January 13, 2024

The State of Jammu and Kashmir was granted special status by a transitory clause found in the Indian Constitution known as article 370. This article was only meant to be temporary until a plebiscite was performed to determine the wishes of the general people. The Constituent Assembly of Jammu and Kashmir had the authority to amend, remove, or keep it.

 On the other hand, there has been a great deal of discussion lately over this Article’s temporary status. The government and the judiciary have often asserted that they are long-term provisions.

what is article 370 in simple words?

  • The Indian constitution’s Article 370 granted Jammu and Kashmir, a territory that is claimed by China, Pakistan, and India, unique status.
  • The unique autonomy and legislative authority of the state of Jammu and Kashmir, as well as its capacity to enact laws for its permanent citizens, are recognized by Article 370.
  • N Gopalaswami Ayyangar, a member of the Indian Constituent Assembly, wrote it, and it was included in the constitution in the year 1949 as a “temporary provision.”
  • With the exception of defense, foreign policy, and communications, it gave the state permission to have its own constitution, flag, and degree of autonomy over most issues.
  • It was based on the terms of the 1947 Instrument of Accession, which Hari Singh, the ruler of Jammu and Kashmir, signed to join India after Pakistan’s invasion.

when was article 370 implemented?

  • The first draft of Article 370 was supplied by the Government of Jammu & Kashmir.
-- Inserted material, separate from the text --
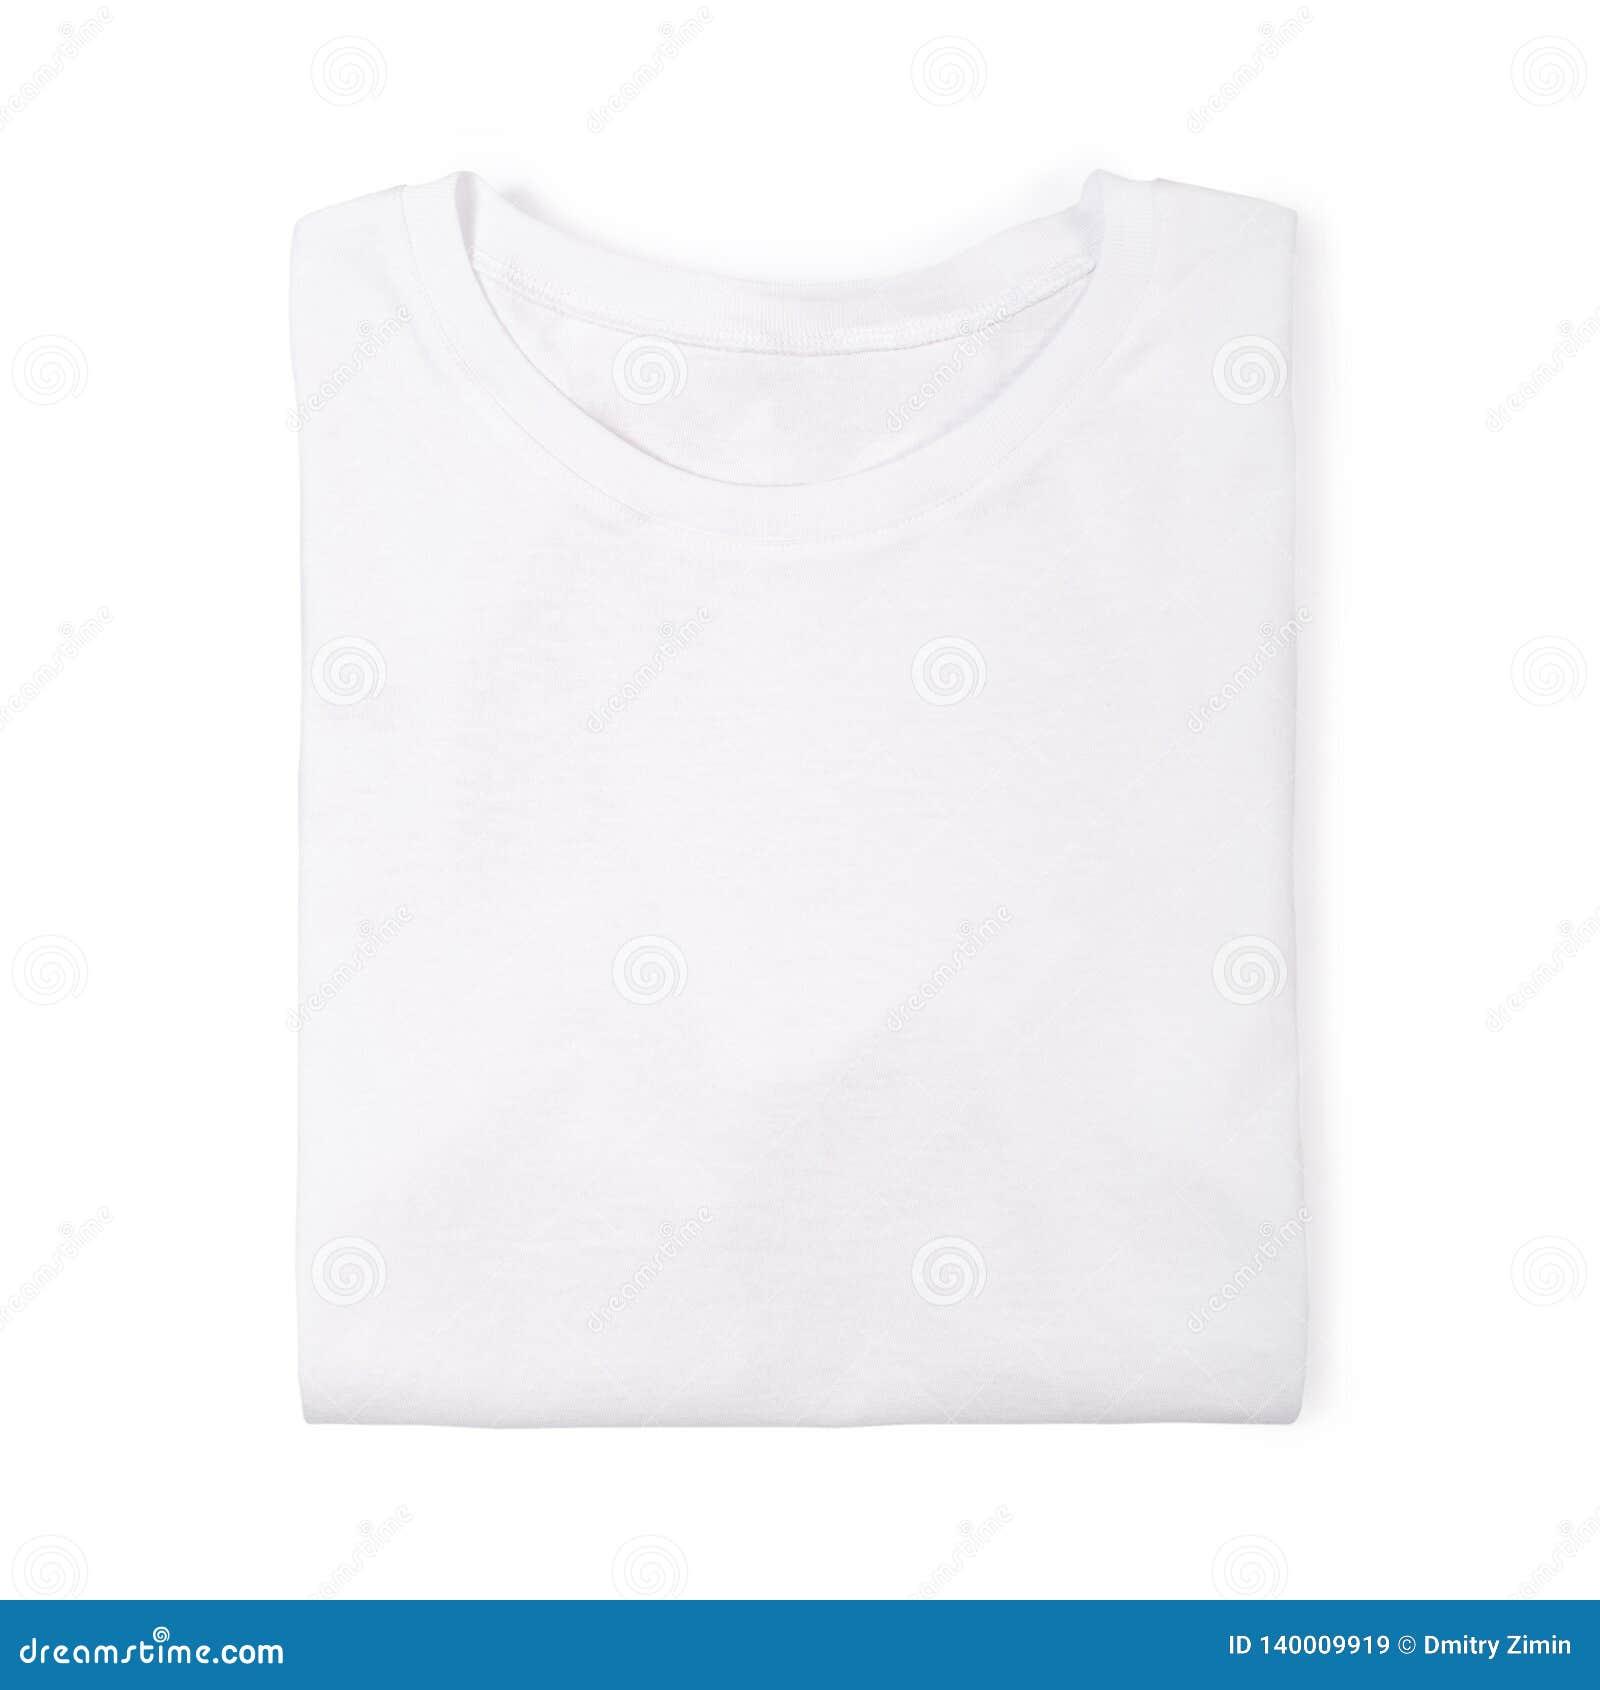 Camiseta doblada blanca aislada en blanco
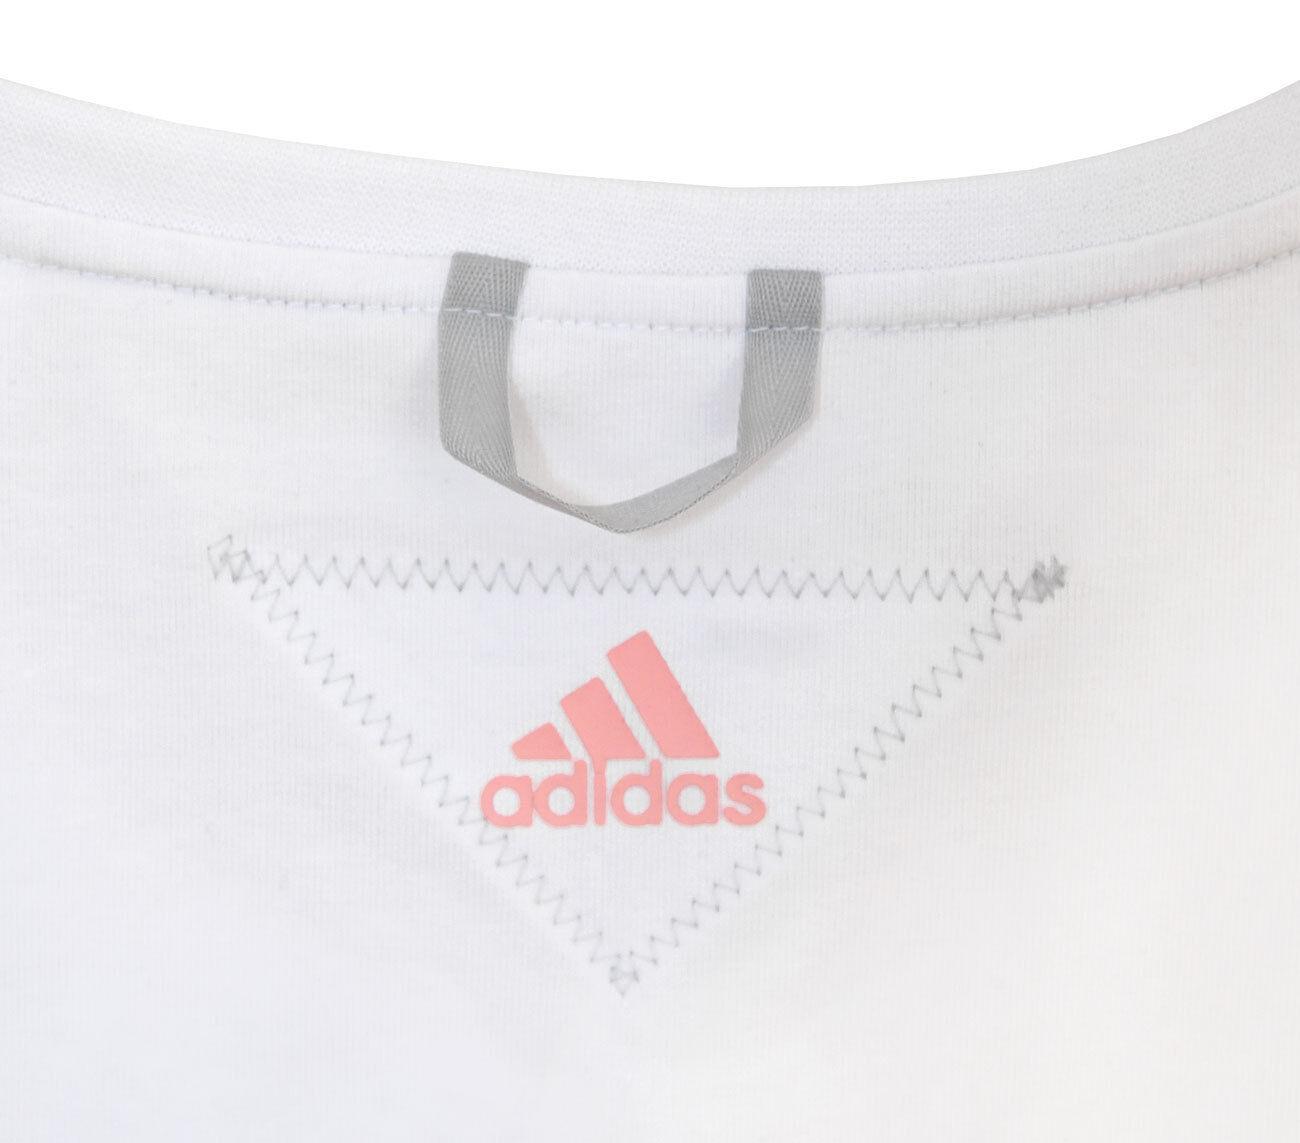 Adidas Sailing Performance Logo Shirt damen T-Shirt Outdoor Outdoor Outdoor Sport Shirt Damen  | Sale Düsseldorf  859597

After being revised and negotiated, Article 306A (later renamed Article 370) was finally adopted on May 27, 1949, by the Constituent Assembly.
  • The person who moved the resolution stated that even if accession had been completed, India had offered to hold a plebiscite when the necessary conditions were satisfied and that if accession was not confirmed, “we shall not stand in the way of Kashmir divorcing herself from India.”
  • On October 17 of 1949, when Article 370 was finally inserted into the Indian Constitution and implemented by India’s Constituent Assembly, Ayyangar reiterated India’s commitment to a referendum and the establishment of a separate constitution by the Constituent Assembly of J&K.

article 370 removed by which amendment?

  • The President of India issued The Constitution (Application to Jammu and Kashmir) Order, 2019 on August 5, 2019, making the Jammu and Kashmir Constitution infructuous.
  • On August 5, 2019, the Jammu and Kashmir Reorganization Act of 2019 was approved by Parliament. The state of Jammu and Kashmir was divided into two Union Territories by this act: Jammu and Kashmir and Ladakh.

removal of article 370 and 35a

article 370 removal date is August 5 and 6, 2019, the two days battle. The Union government removed Jammu and Kashmir’s special status and abolished Article 370 over the course of two days.

Reasons behind removal of article 370 and 35a:

  • Impeded the Development of Jammu and Kashmir: Article 370 created a sense of separatist and impeded the development of Jammu and Kashmir, making it more difficult for the region to fully integrate into the Indian Union. It was thought that J&K residents would have better access to opportunities, infrastructure, and resources with full integration.
  • Discrimination Among the Vulnerable Groups: In Jammu and Kashmir, women, Dalits, and other vulnerable groups faced discrimination under Article 370. As a result of the abrogation, they would be subject to Indian law and enjoy equal rights and opportunities.
  • Encouraged Terrorism: Pakistan took use of Article 370 to encourage secession and terrorism in the area. The abrogation will enhance national security by providing the Indian government more control over the region and the capacity to toughen sanctions against terrorist activities.
  • Not Accountable: The government of Jammu and Kashmir was not opaque and not accountable because of Article 370. The abrogation will put the state under the authority of the Right to Information Act and the Central Vigilance Commission, leading to improved governance and accountability.
  • Impediment of Economic Progress: Jammu & Kashmir’s economic progress was impeded by Article 370. The abrogation would enable more investment, tourism, as well as job creation in the region. In addition to upholding the fundamentals of “Ek Bharat, Shreshtha Bharat,” the recent ruling by the Supreme Court has also served as a potent reminder of the value of cooperation and a shared commitment to good governance. This ruling demonstrates the court’s dedication to upholding the principles that characterize our society and bolstering the foundation of our country.

The Way Ahead

  • To improve Kashmir, a ten-year strategy for job, education, and employability has to be implemented.
  • The Gandhian Road of nonviolence and peacemaking ought to be followed in order to resolve Kashmir’s legitimacy issue.
  • The government might start a broad outreach effort for all Kashmiris, which would help to lessen the issues arising from the Action on Article 370.
  • In this regard, the Kashmiriyat, Insaniyat, and Jamhooriyat (Kashmir’s inclusive culture, humanitarianism, and democracy) approach proposed by Atal Bihari Vajpayee ought to serve as a pillar of the forces promoting state reconciliation.